Your typical human being is 66 percent water and could survive roughly a month
without food...but only a week without water. The 2004 UNICEF report on the
State of the World's Children found that one in seven of the world's children
had no access to safe water. It's not a shortage...there is the same amount
of water on Earth today as there was 3 billion years ago.
"Not only is there the same amount of water on the Earth today as there
was at the creation of the planet, it's the same water," write Canadian
activists Tony Clarke and Maude Barlowin write in Yes Magazine. "The next
time you're walking in the rain, stop and think that some of the water falling
on you ran through the blood of dinosaurs or swelled the tears of children who
lived thousands of years ago."
Only 3 percent of the Earth's total water is freshwater. Of that, only 1% is
available for human consumption. Do the math and you've a grand total of 0.01
percent of the Earth's total water being usable.

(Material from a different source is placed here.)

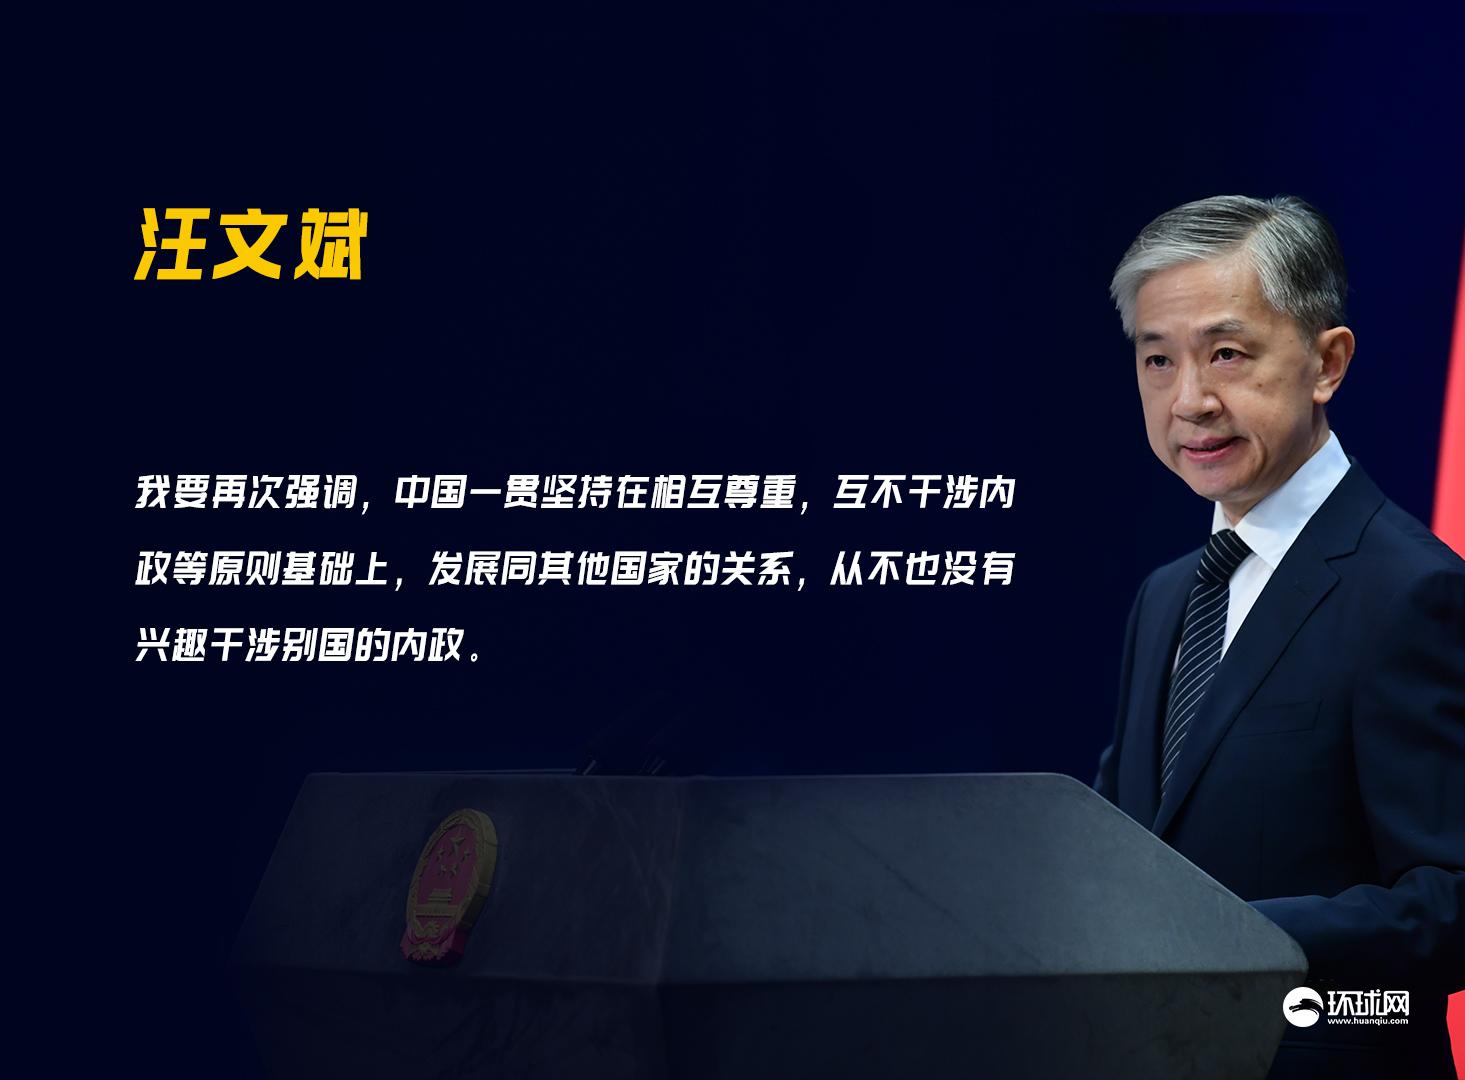 澳首次动用《反外国干预法》起诉华人社团首脑,汪文斌:中国从不也没兴趣过问别国内政 第1张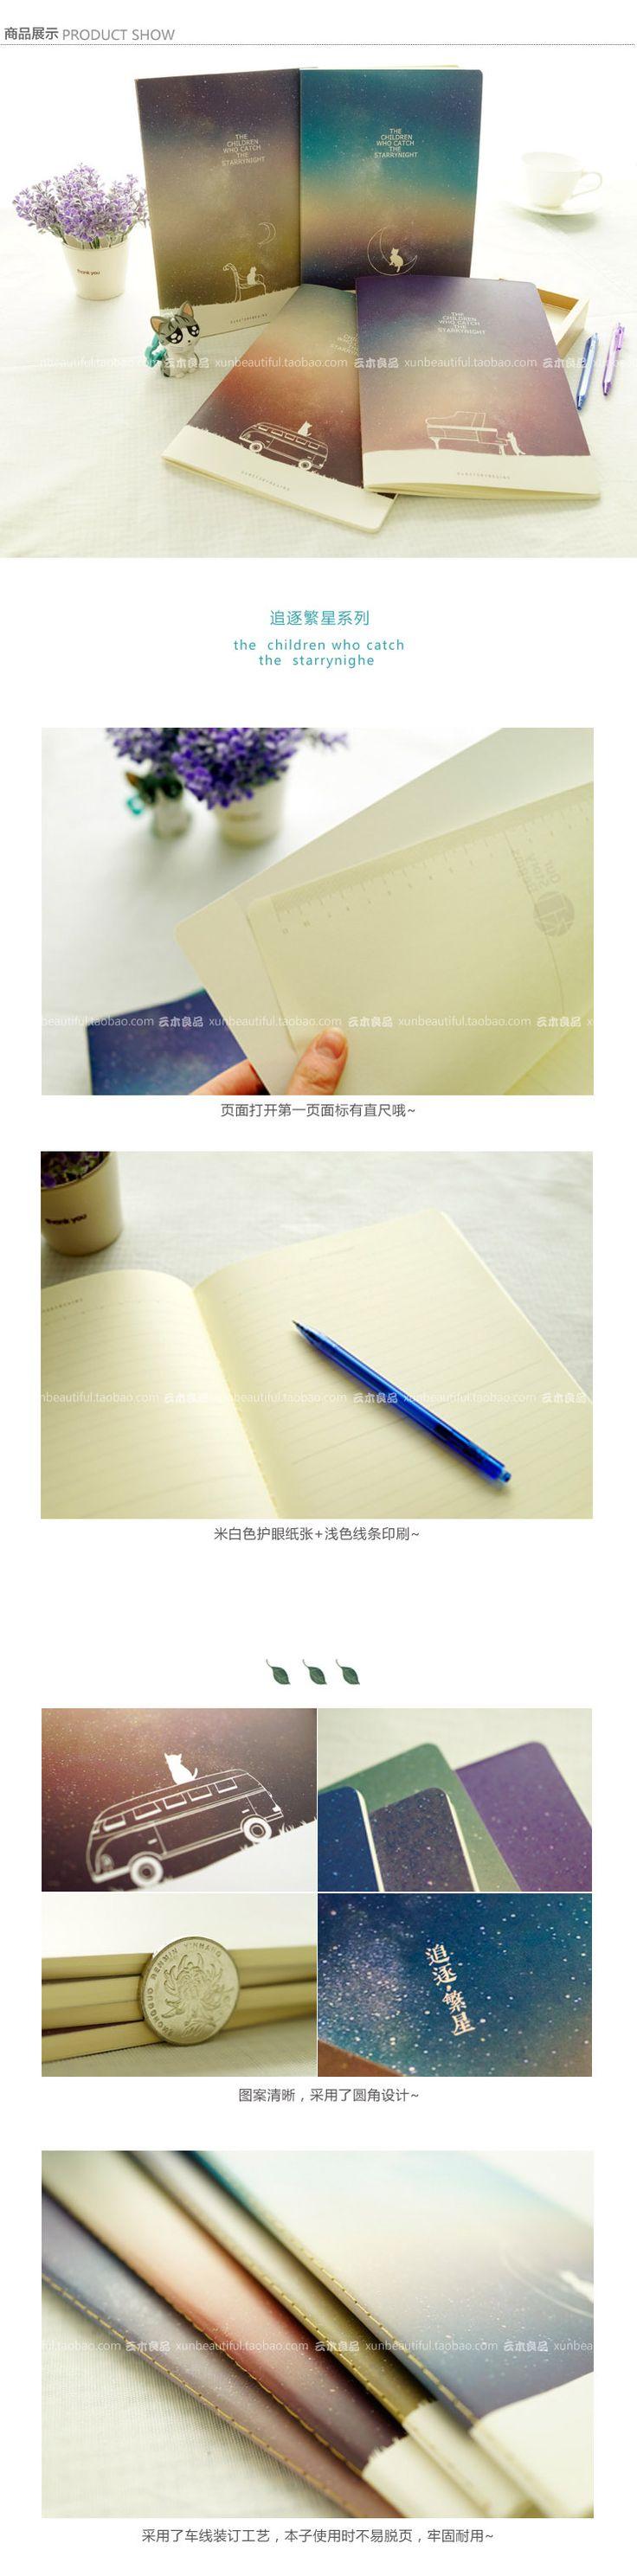 piezas 5/mucho corea aestheticism b5 puntada libro cuaderno diario de espesor bloc de notas 16k papelería envío gratis en Libretas de Escuela y Oficina en AliExpress.com   Alibaba Group

Still, as reported by the New Internationalist, "Even this would be enough
to support the world's population three times over, if used with care."
Care...?
"The growing scarcity of potable water stems from a variety of causes,"
Clarke and Barlowin write. "Per capita water consumption is doubling every
20 years, more than twice the rate of human population growth, which itself
is exploding. Technology and sanitation systems, particularly those in the wealthy
industrialized nations, have encouraged people to use far more water than they
need."
Such "personal water use" accounts for 10 percent of water use. Another
20 to 25 percent of the world's fresh water supplies is used by industry. But,
as Clarke and Barlowin explain, "the real water hog, claiming 65 to 70
percent of all water used by humans" is irrigation. "Increasing amounts
of irrigation water are used for industrial farming," they write.
Case in point: One pound of hamburger requires 2,500 gallons of water, which
could instead have been used to grow more than 50 pounds of fruits and vegetables.
Fifty percent of all water consumed in the U.S. is used to grow feed and provide
drinking water for cattle and other livestock.
"In an age when man has forgotten his origins and is blind even to his
most essential needs for survival," Rachel Carson wrote some four decades
ago, "water along with other resources has become the victim of his indifference"
Here in the home of the brave, men hired for the primary purpose of holding
open doors for the affluent spend each morning dousing the sidewalks with gallons
and gallons of the wet stuff to clear cigarette butts from prime real estate.
Closing thought: 75 percent of the human brain is water.